When it comes to detecting malware, the arms race between attackers and defenders is certainly nothing new. The once seemingly simple battle between nuisance script kiddie worms and simple anti-virus software evolved over time into a much more complex and layered approach towards stopping powerful weapons against organizations to extort, incur damages, and steal intellectual property.

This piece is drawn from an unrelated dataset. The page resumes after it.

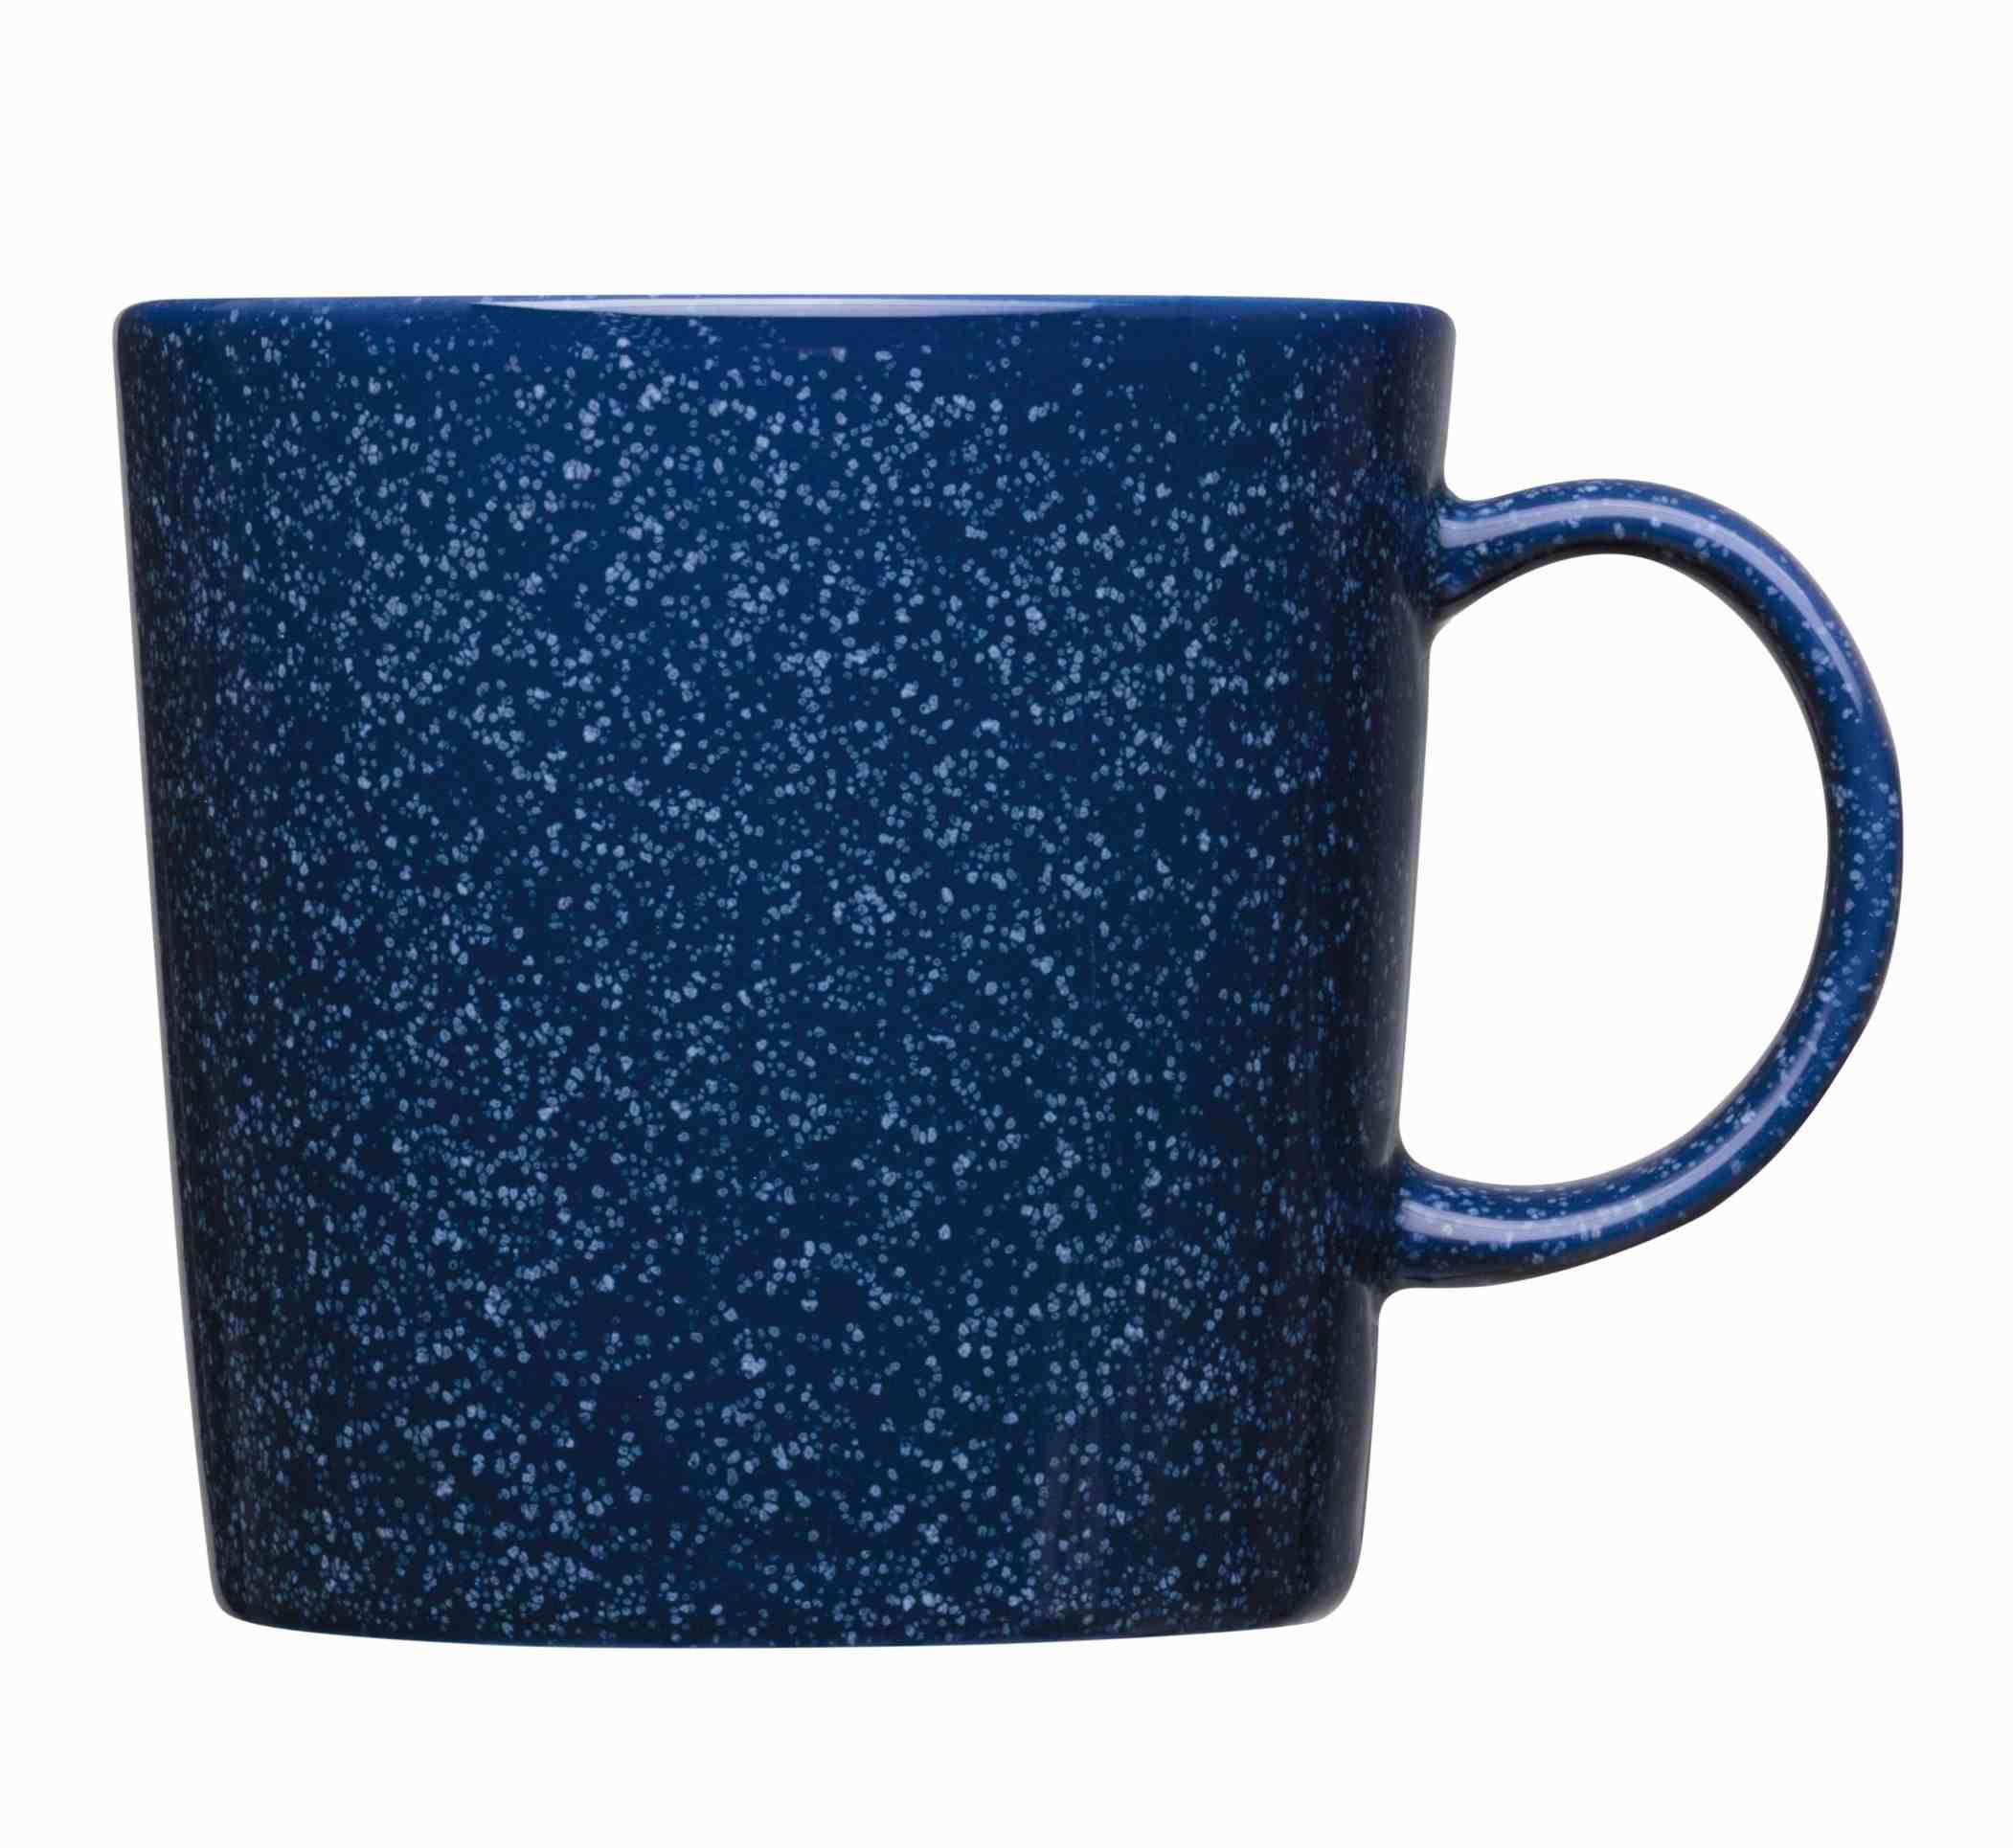 iittala teema beker dotted blue

For a long time now, malware-detection technologies have become more sophisticated as malware works harder than ever to gain access to a target machine and then conceal its presence as it runs.
What Does YARA Stand For?
An abbreviation of YARA: Another Recursive Acronym, or Yet Another Ridiculous Acronym, YARA was originally developed by Victor Alvarez of VirusTotal and was released on GitHub in 2013.
What Is A YARA Tool?
Primarily used in malware research and detection, YARA is a tool that provides a rule-based approach to create descriptions of malware families based on textual or binary patterns.
YARA Rules
Like a piece of programming language, YARA rules work by defining a number of variables that contain patterns found in a sample of malware. Depending on the rule, if some or all of the conditions are met it can then be used to successfully identify a piece of malware.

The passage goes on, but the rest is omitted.